Episode No.081:デンマークの寅さん
父親は貧しい靴職人。しかも、彼が11歳の時、不遇の死を遂げた。
母親は洗濯女をしながら、ひとり息子である彼を育てた。
「この子にだけは、自分のやりたいことをやらせたい」
そんな父の遺志を継いで、彼は俳優、そして声楽家をめざすが、一向に芽は出ない。
そして、舞台に立つことをあきらめた彼が行き着いたのは、舞台の裏方を支える作家としての活動だ。
満足な教育を受けていない彼の作品は、まず文法的な問題から指摘を受けた。
しかし、彼の優れた感性を見抜いた人々に支えられ、彼も必死にそれにこたえて勉強をし直し、24歳で大学に入学すると同時に作品集を出版するまでになる。

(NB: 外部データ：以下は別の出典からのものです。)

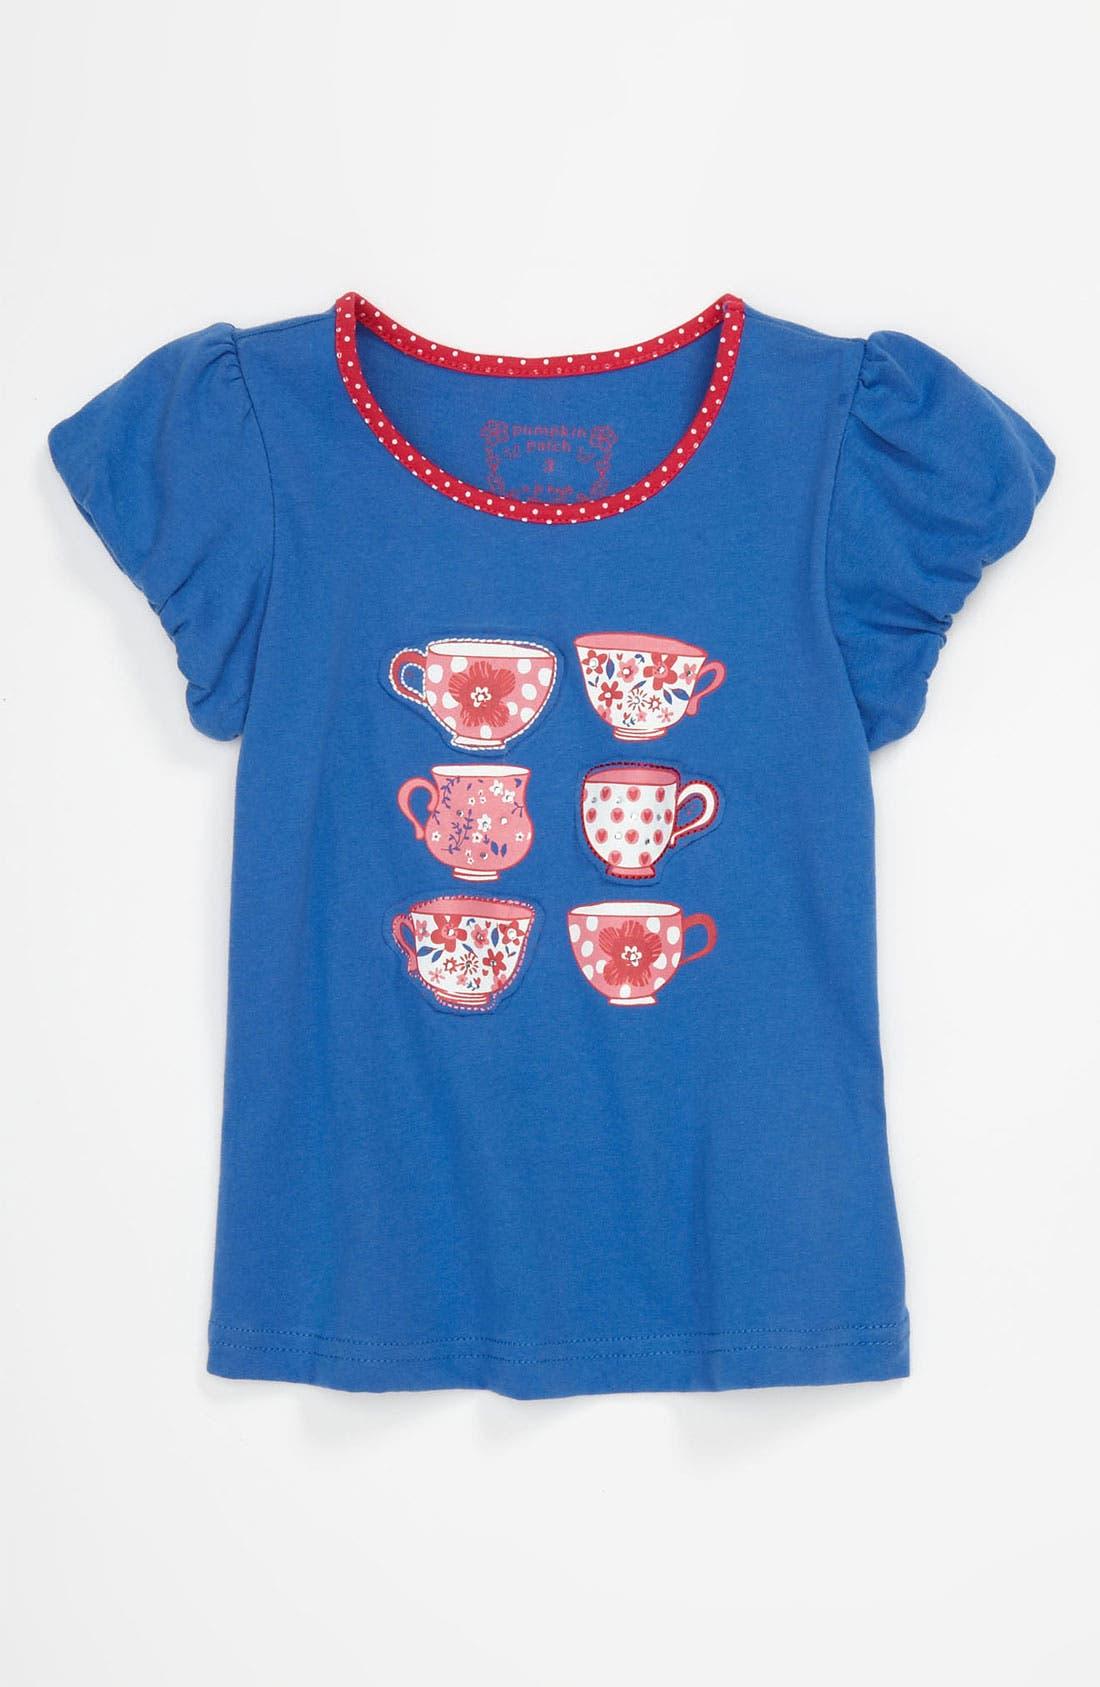 Alternate Image 1 Selected - Pumpkin Patch 'Teacup' Shirt (Toddler)

その後、純粋な恋をしては、その恋に破れ、慰めの旅をする・・・という、まるで"男はつらいよ"の寅さんのような人生の繰り返し。
そのすべてが、創作活動の原動力。
ちょうど"とらや"の団らんで、旅の話をする寅さんに、まわりのみんなが引きつけられていくように、彼の作品も世界中で愛されたが、生涯を独身で通す結果となった。
1875年、70歳で亡くなった時。貧しい一家のひとり息子の葬儀は、国葬として行われた。
彼の名は、ハンス・クリスチャン・アンデルセン。